Read More Posts
PHOENIX -- The Ninth Circuit Court of Appeals has sided with a federal district judge: Maricopa County Sheriff’s officers can’t detain people and investigate whether they are violating Arizona’s human smuggling statute solely because they are undocumented.
What is interesting is that MCSO's lawyers had tried to appeal the order, while insisting officers didn’t want to do the banned practice anyway.
But first, a little background.
Arizona’s human smuggling statute makes it a felony for a person to receive payment to knowingly transport someone who does not have proper immigration authorization into the country. In Maricopa County, both smugglers and the undocumented immigrants who pay them are routinely charged under the statute.
The issue of how MCSO officers are enforcing the human smuggling statute came up in an almost five-year-old racial profiling case against Sheriff Joe Arpaio and MCSO that went to trial this summer. In that case, Latino plaintiffs alleged that MCSO officers’ immigration enforcement tactics unfairly target Latinos in the county.
In a pre-trial hearing back in 2011, U.S. District Judge Murray Snow was trying to get to the bottom of whether Sheriff’s officers were detaining people just based on a reasonable belief they are in the country illegally.
A court exchange between Judge Snow and MCSO’s attorney went like this, according to a portion of the court transcript reprinted in plaintiffs’ briefs.
Court: [I]f you, as an MCSO officer, have a reasonable belief that someone is in this country illegally— Counsel: Yes Court: --that is not sufficient basis to detain them. Counsel: Yes it is, a sufficient basis to detain them …. just based on one element you can reasonably detain them…

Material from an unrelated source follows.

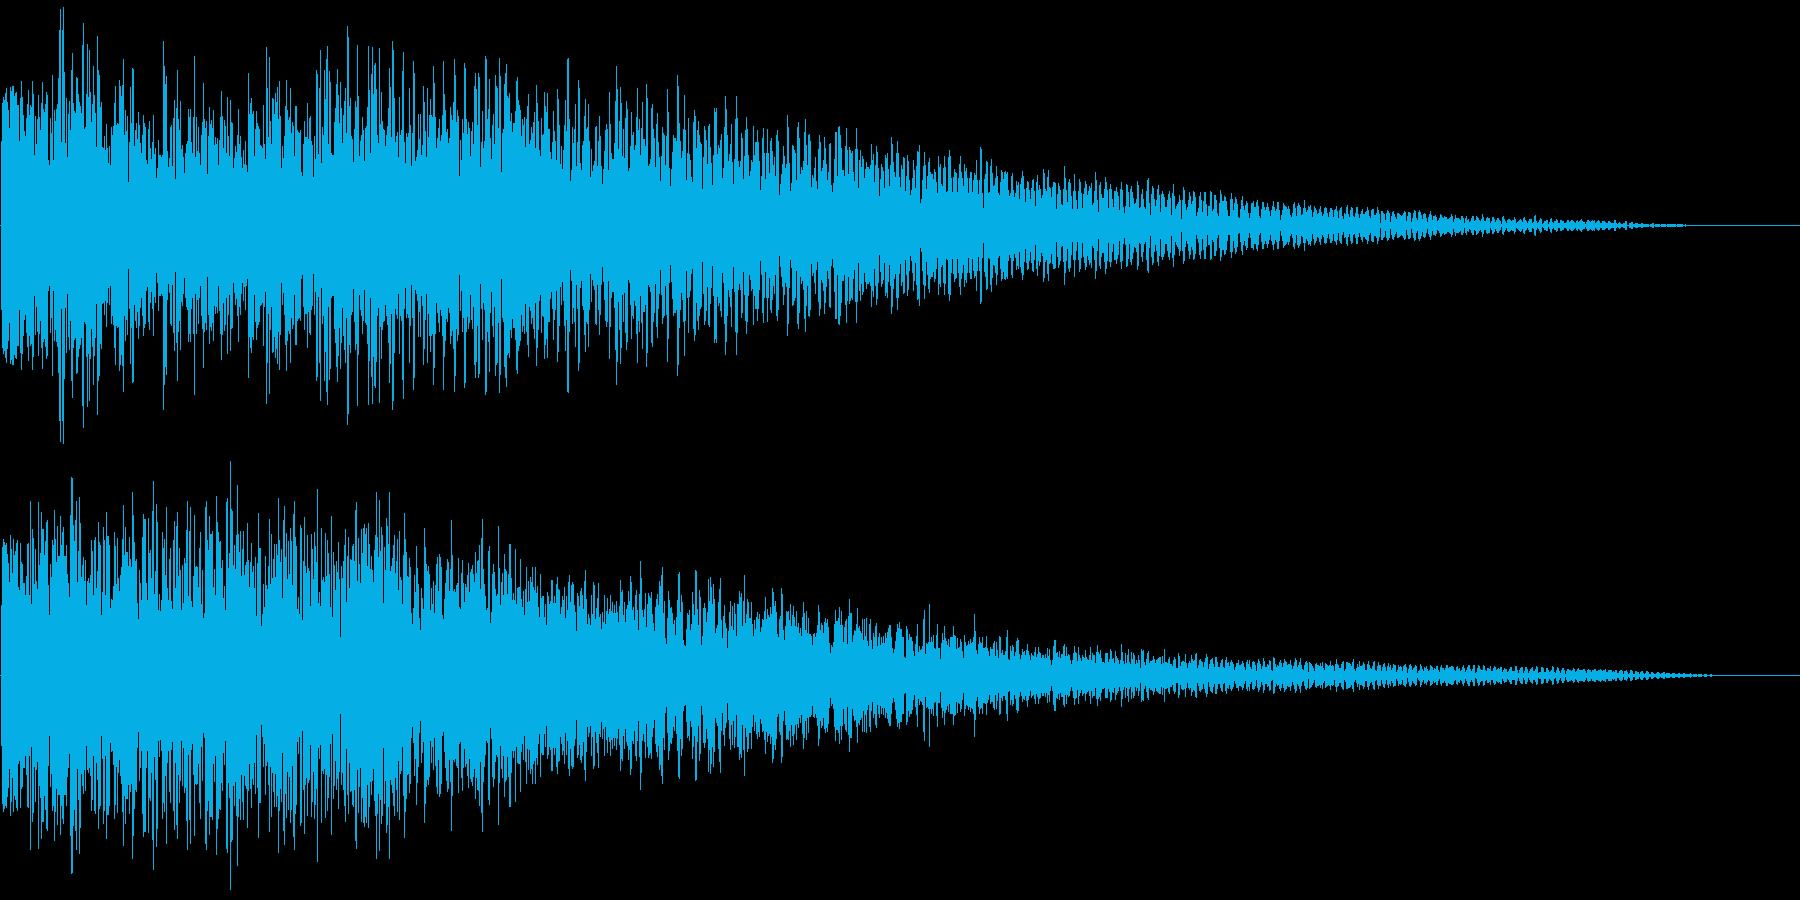 【ゲーム演出】衝撃音 ズドーンッ!の再生済みの波形

The “one element” MCSO counsel was referring to was one of the three elements that comprise a human smuggling violation. They are 1) The smuggled person is undocumented, 2) the person is being transported, 3) the transport is for a fee.
Lawyers for MCSO argued that if officers had reasonable suspicion of one element of the crime, they could investigate to see if human smuggling was afoot.

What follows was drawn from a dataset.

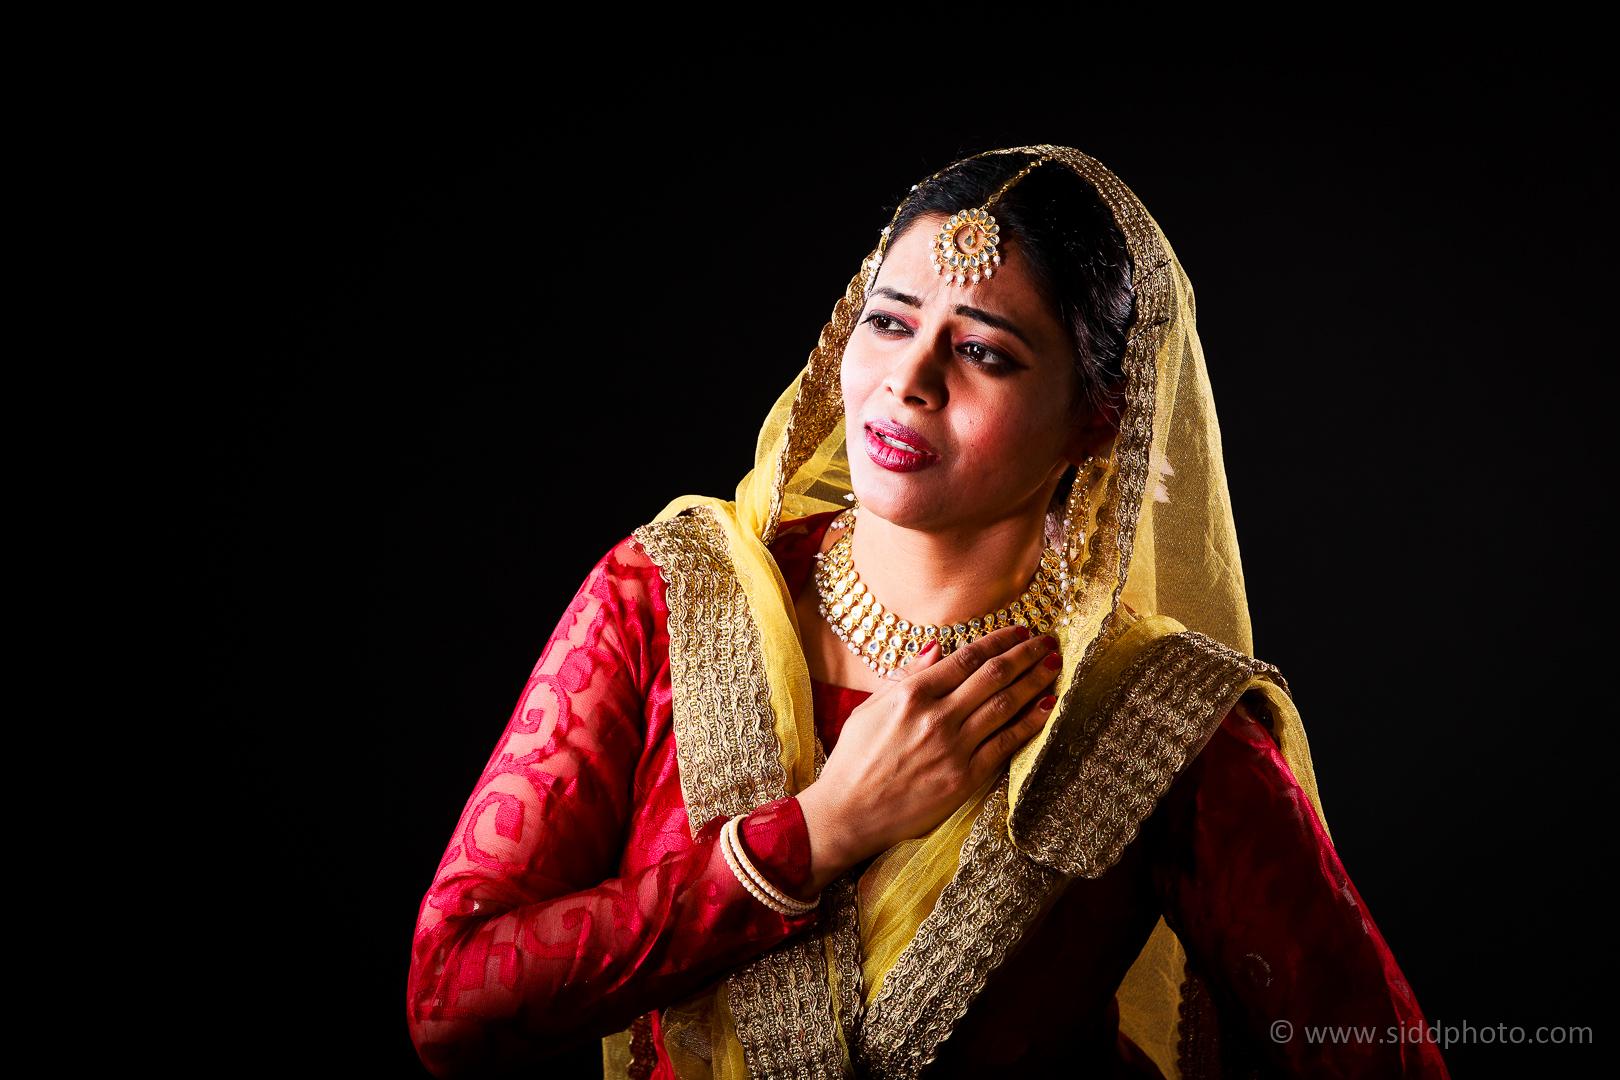 2012-04-21 - Antara Dutta Katthak Photoshoot - EO5C9924-14

But Judge Snow disagreed, and placed an injunction barring them from detaining someone “based only on knowledge or reasonable belief, without more, that the person is unlawfully present within the United States.”
One reason? Unlawful immigration status is a civil violation, not a criminal one. Legal precedent in the Ninth Circuit is that an immigration violation alone can’t be used by police as a basis to form probable cause for a criminal investigation.
MCSO appealed to the Ninth Circuit, and oral arguments were held on Sept. 13 in San Francisco. But MCSO lawyers faced a tough crowd in the three judges panel assigned to hear the case.
Circuit Judge Marcia Berzon grilled MCSO attorney Tim Casey on why he was appealing the injunction.
Judge Marcia Berzon: … Is it the policy of the MCSO to do something that would violate this … injunction? ... That you are detaining people based only on reasonable knowledge or belief that the person is unlawfully in the United States. Are you saying that you want to be able to do that? Tim Casey: Absolutely not. Berzon: Well, then you can’t violate the injunction.
Casey’s argument was against the legal analysis behind the injunction, and that it would be difficult to enforce the human smuggling law if officers needed to have reasonable suspicion of all three elements of the crime before they could investigate.
But just a few minutes later, Berzon repeated the above question to Casey. Again, he denied that officers wanted to detain people based solely on illegal immigration status. His reply prompted Circuit Judge Susan Graber to echo Berzon.
“The injunction apparently asks you to not do something you don’t want to do anyway,” Graber said.
That conclusion appeared again in the Ninth Circuit Court of Appeals’ 23-page decision authored by Senior Circuit Judge J. Clifford Wallace.
“The Defendants repeatedly represented during oral argument—in contradiction to their representations to the district court during the summary judgment hearing—that they do not detain individuals based only on immigration status, nor do they desire to do so. The Defendants cannot be harmed by an order enjoining an action they will not take.”
Back at the district court, Judge Snow has yet to rule on the rest of the racial profiling case that spawned this particular legal fight. But even when Snow does rule, this debate over human smuggling enforcement won’t be settled.
There are two challenges to Arizona’s human smuggling statute pending. Plus, this month a federal judge blocked a related statute -- a portion of SB 1070 that makes it a crime to transport or harbor an undocumented immigrant.
On Wednesday, Arizona appealed the injunction, and now that too will go before the Ninth Circuit.